Фейери прикрыл глаза. Кивнул.
– У нас иногда появляется такое безумие. Некий род душевной болезни, когда один из нас сходится с наверхницей, – произнес он. – Таких всегда казнят, нам здесь не нужны ни больные, ни их ублюдки.
«Больные, – машинально повторила Эмма. – Их ублюдки».
– Такое же безумие однажды охватило моего брата, – продолжал фейери. – Он полюбил твою мать, родилась ты. Ты знаешь, кем был Галхаад?
– Мастером над болью, – глухо откликнулась Эмма. В ушах шумело, глаза горели, а голову наполнял стук. Значит, шеф Брауни оказался прав. Значит, все это время Эмма жила, не зная правды о себе – и вот эта правда ударила ее по лицу.
Фейери усмехнулся.
– Мастером над болью, – горестно повторил он. – Верно. Тавиэль рассказал?
Эмма кивнула.
– Чтобы ты понимала, мастер над болью – это пятый в нашем ранге. Выше него только Великие владыки и Первый всадник, – сказал фейери. – Он смог скрыть от всех свое падение и твое рождение, но ничего нельзя скрывать слишком долго. Такой великий сын земли, и упал так низко.

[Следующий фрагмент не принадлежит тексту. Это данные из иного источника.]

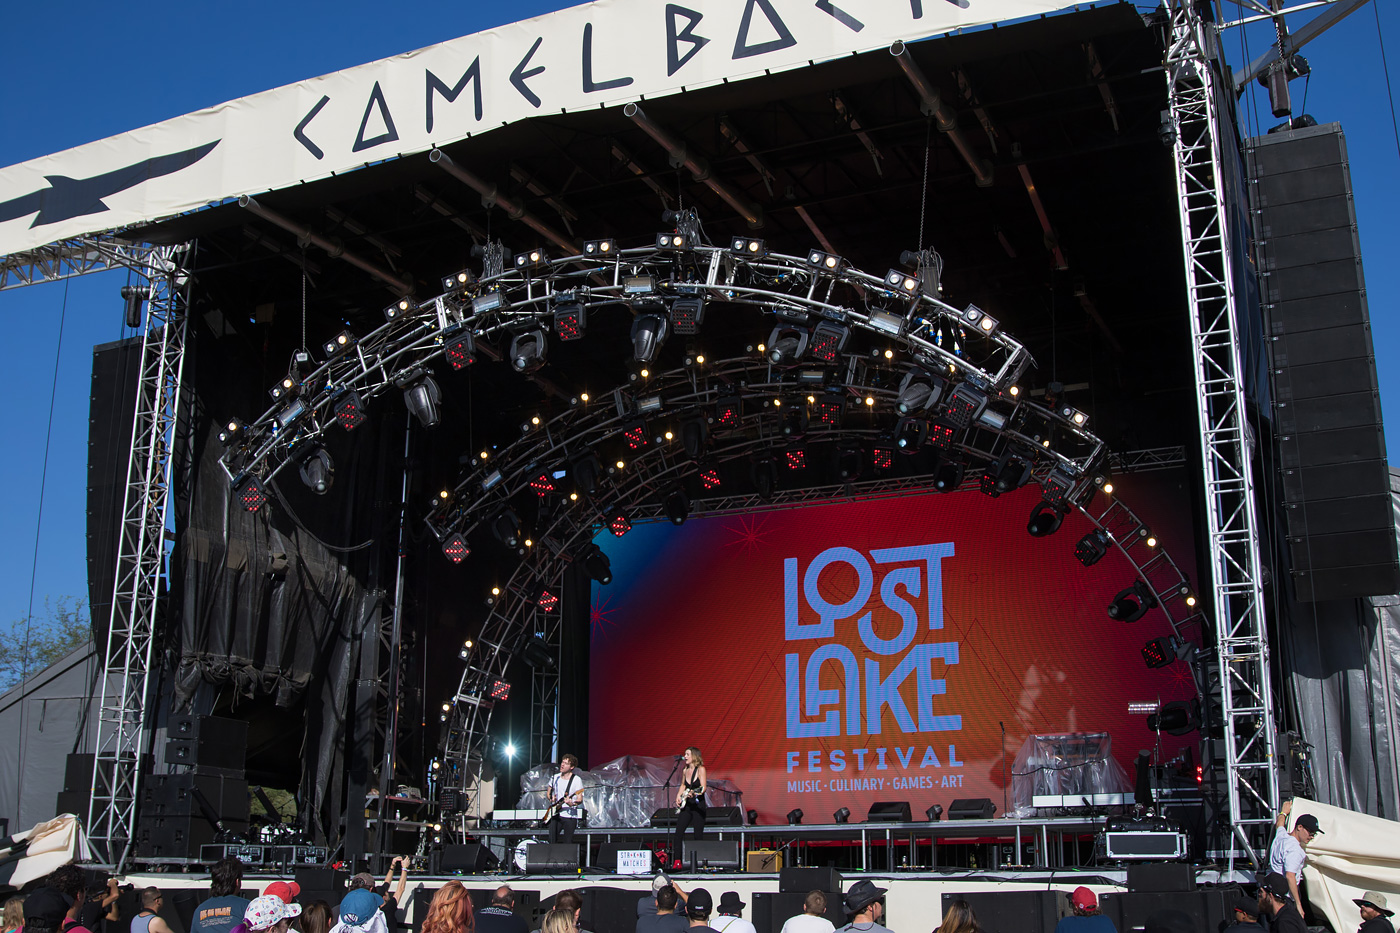 Concert Photos from Lost Lake Festival Phoenix 2017

«И моя мать молчала об этом всю жизнь, – подумала Эмма. – Она понимала: если я узнаю правду, то для нас обеих все будет кончено. Ее брак с Максимом Эдельстаном был фиктивным».
– А Клилад Осборн? – спросила она. – Мы с матерью жили в его доме.
Фейери прикрыл глаза.
– Галхаад, как бы это выразиться, с ним приятельствовал. Его падение оказалось глубже, чем у всех до него. Собственно, если ты падаешь, то уже нельзя остановиться. Только ниже, ниже, ниже. В глубины тьмы.
Он махнул рукой.
– Мы вам совсем не интересны? – Эмма поняла, что снова говорит глупости. Зачем владыкам земли интересоваться мошками, которые ползают по поверхности. Фейери рассмеялся, негромко и мелодично: должно быть, такой смех заманивал путниц в чащу, к короне из красных ягод.
– Вы? Нет. Конечно, вы бываете забавны, но не более того. И иногда это весело, наказывать вас за проступки. Оп! – и землетрясение проглотило ваш городишко.
– Как вас зовут? – спросила Эмма. Взгляд фейери потемнел, в нем длинной прядью паутины скользнула печаль.
– Келемин, – нехотя ответил он, словно размышлял, достойна ли человеческая девчонка такой чести – знать его имя.